The strange thing is that the upgrade headers (Connection: upgrade and Upgrade: h2) are sent. When I do some external server testing I get the responses that h2 is running properly with ALPN support. But the problem is the browsers I tested on (Chrome and FireFox on Win7) won't upgrade to h2.

One thing which I noticed which is missing is the HTTP/2-Settings header, but I can't find anything in any Apache documentation to implement this or force Apache to send this header.

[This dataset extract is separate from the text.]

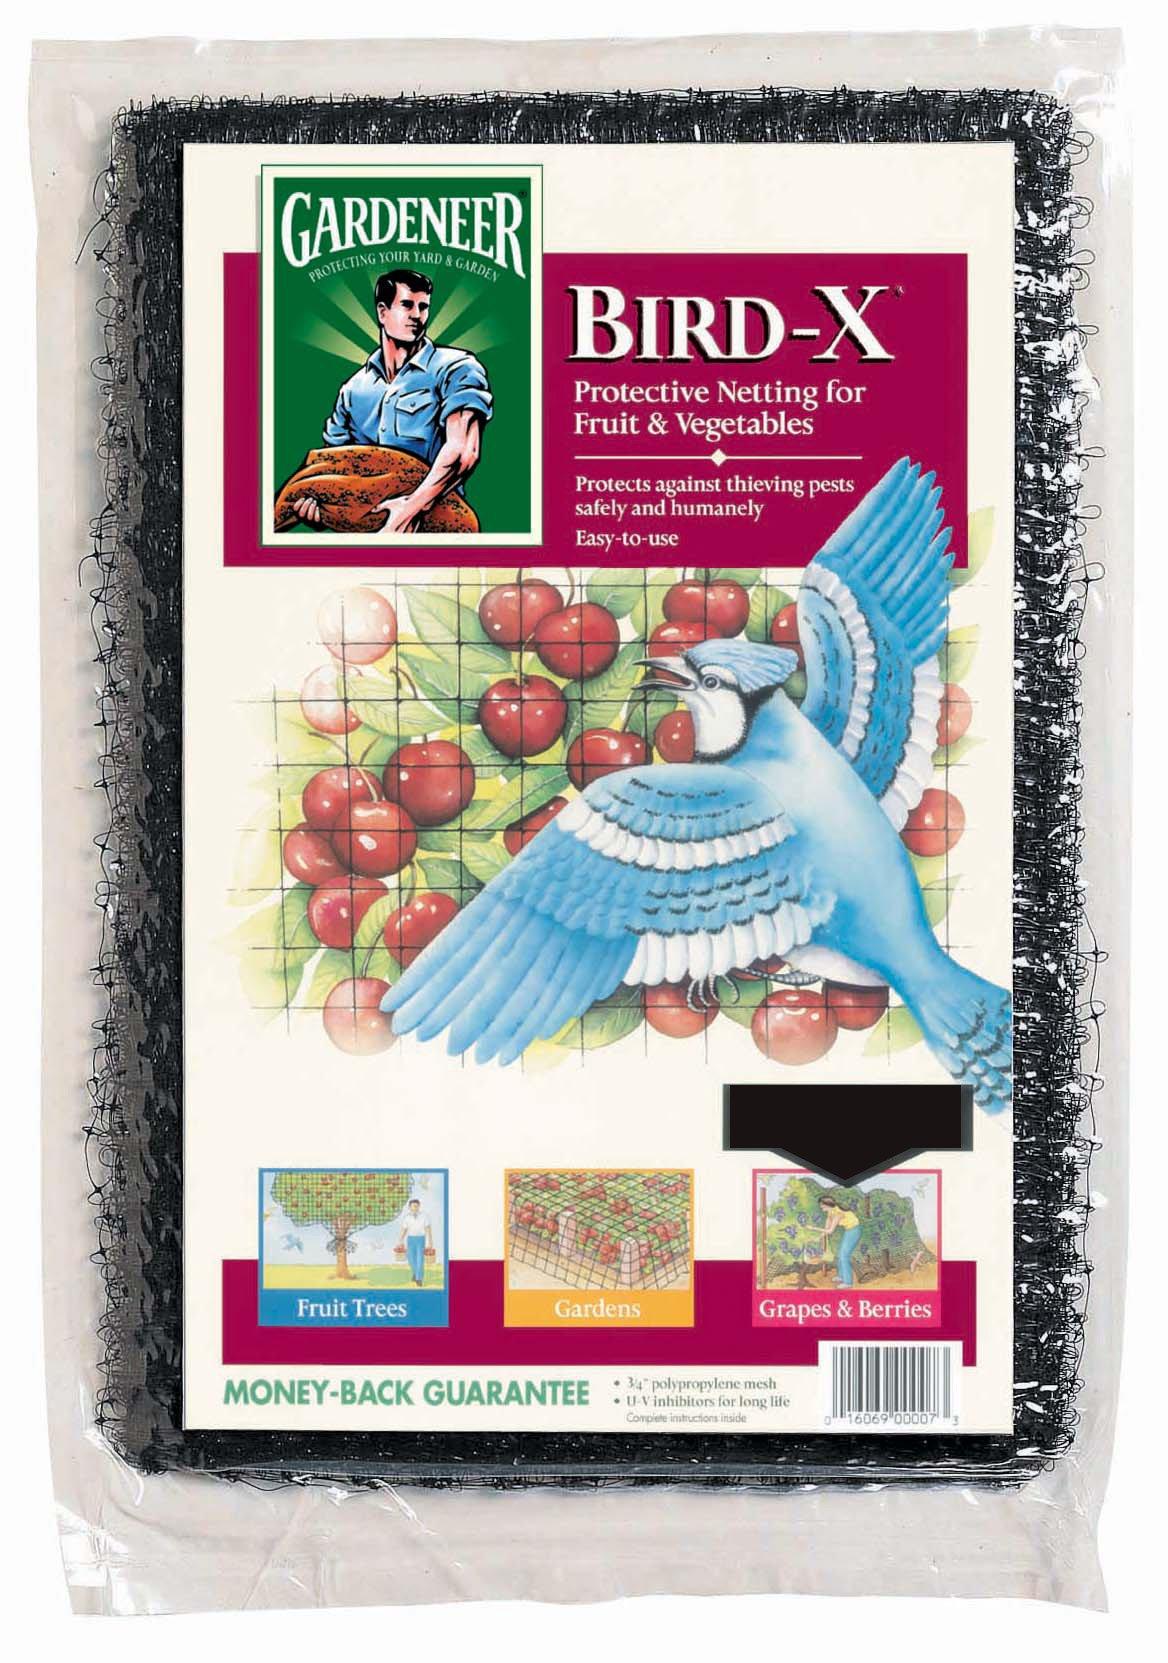 Gardeneer BN-5 14' x 75' Bird-X® Netting

Sadly I couldn't test with cUrl, since the servers I have access to don't support any version which has HTTP/2 support.

My SSL vhost settings:

Protocols h2 http/1.1
SSLEngine On
SSLCACertificateFile xxxxxxxx
SSLProtocol all -SSLv2 -SSLv3
SSLCompression Off
SSLHonorCipherOrder On
SSLCipherSuite "EECDH+ECDSA+AESGCM EECDH+aRSA+AESGCM EECDH+ECDSA+SHA384 EECDH+ECDSA+SHA256 EECDH+aRSA+SHA384 EECDH+aRSA+SHA256 EECDH+aRSA+RC4 EECDH EDH+aRSA RSA+AES RC4 !aNULL !eNULL !LOW !3DES !MD5 !EXP !PSK !SRP !DSS !RC4 !AES128"
Header always set Strict-Transport-Security "max-age=15552000;includeSubDomains"
SSLCertificateFile xxxxxxxx
SSLCertificateKeyFile xxxxxxxx

I'm running Apache with the prefork module instead of with workers.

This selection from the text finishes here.